For multi-output scenarios, split into separate SQL nodes — each one produces one output, and downstream nodes pick the one they need.

Ingress mode — read files directly without a source node

Section titled “Ingress mode — read files directly without a source node”

A SQL node with no in: slot is in “ingress mode”: it can read external files directly via DuckDB’s file functions (read_parquet, read_csv, read_json).

- id: orders
kind: sql
source: queries/orders.sql
-- queries/orders.sql
SELECT *
FROM read_parquet('data/orders.parquet')
WHERE status = 'completed'

Ingress mode is the fastest path to load a Parquet file into a DAG — no source node round-trip, no Arrow round-trip, DuckDB reads the Parquet directly with its built-in reader (which is excellent).

This is also the recommended pattern for the examples/sql-source-duckdb example — pure SQL pipelines that never leave the SQL world.

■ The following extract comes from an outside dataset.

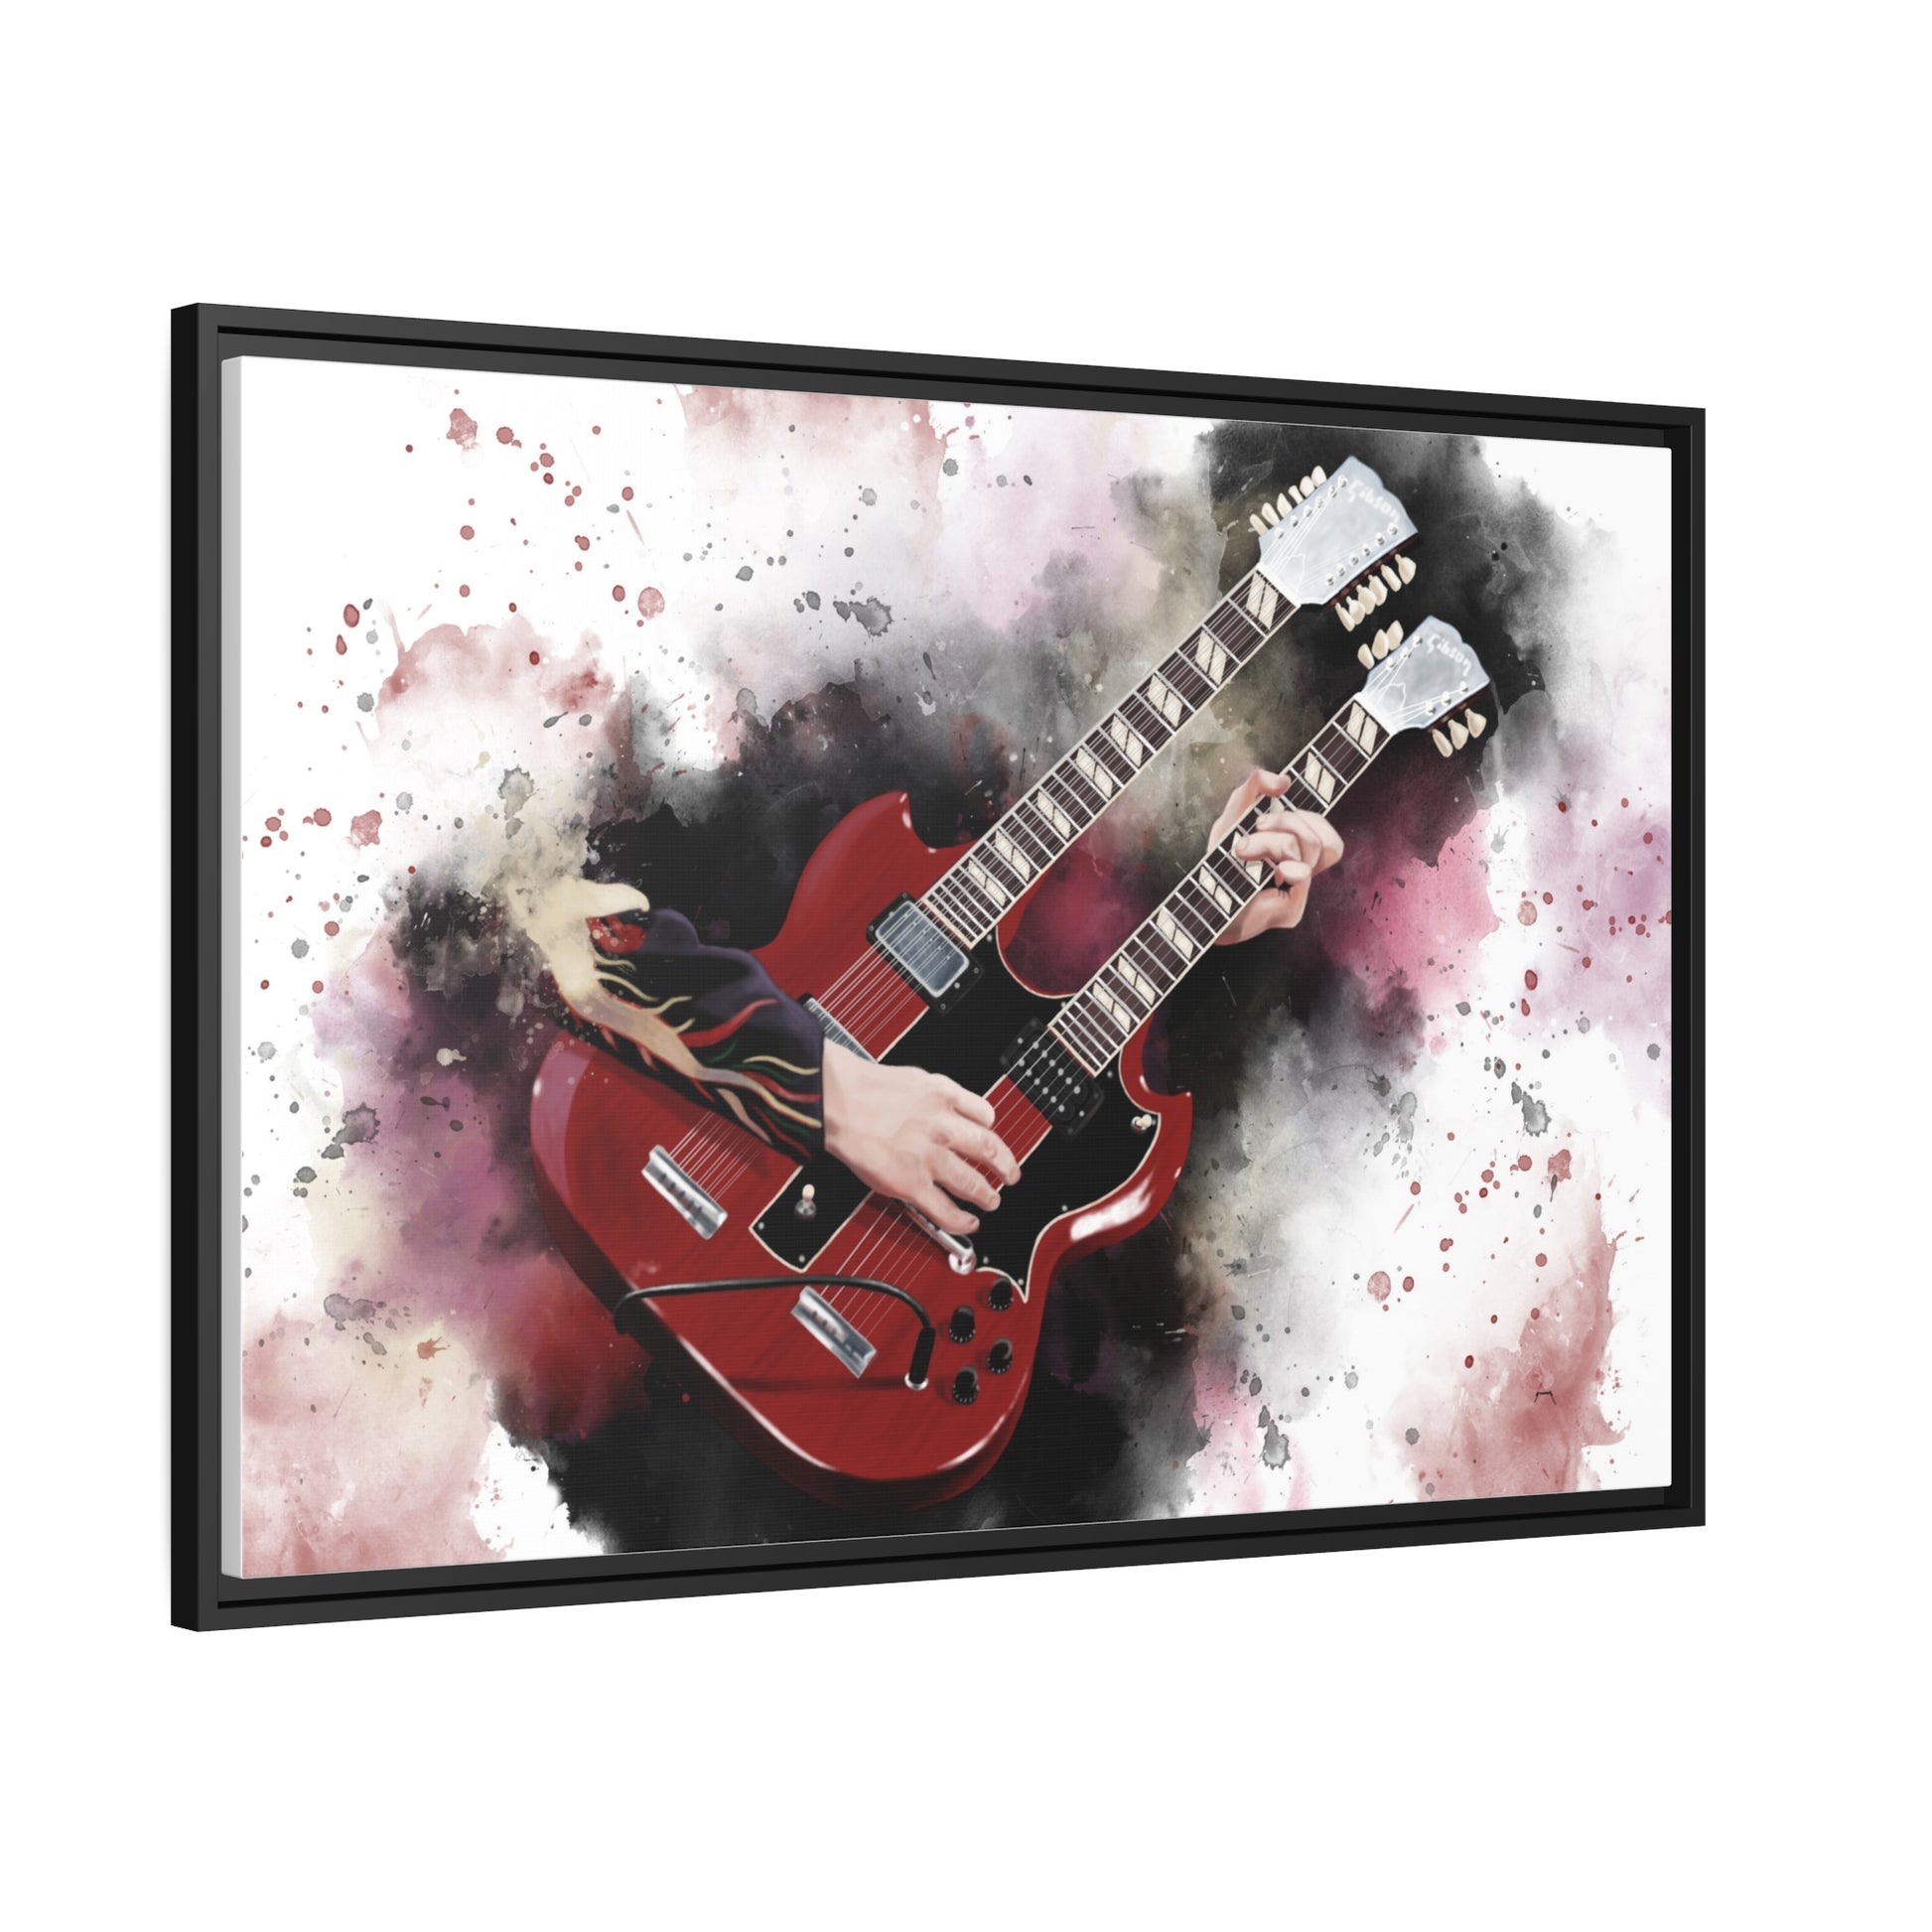 Digital painting of double neck electric guitar printed on canvas.

SQL nodes share the runtime’s DuckDB instance (warm — DuckDB stays loaded across SQL nodes within a run):

  1. Inputs are attached, not copied. Each upstream output is registered as a DuckDB view backed by the Parquet/Arrow file on disk. DuckDB’s vectorized executor reads columns lazily — you don’t pay for columns your query doesn’t reference.
  2. Your query executes against DuckDB’s vectorized engine. This is the same engine used by Polars, Motherduck, and a growing list of analytics tools. Generally faster than pandas for joins, group-bys, and aggregations.
  3. The result is materialized as Arrow. DuckDB exports the query result as an Arrow Table, which is then written as Parquet for downstream nodes.
  4. Errors include the offending SQL line. Syntax and runtime errors surface with line numbers in the run audit.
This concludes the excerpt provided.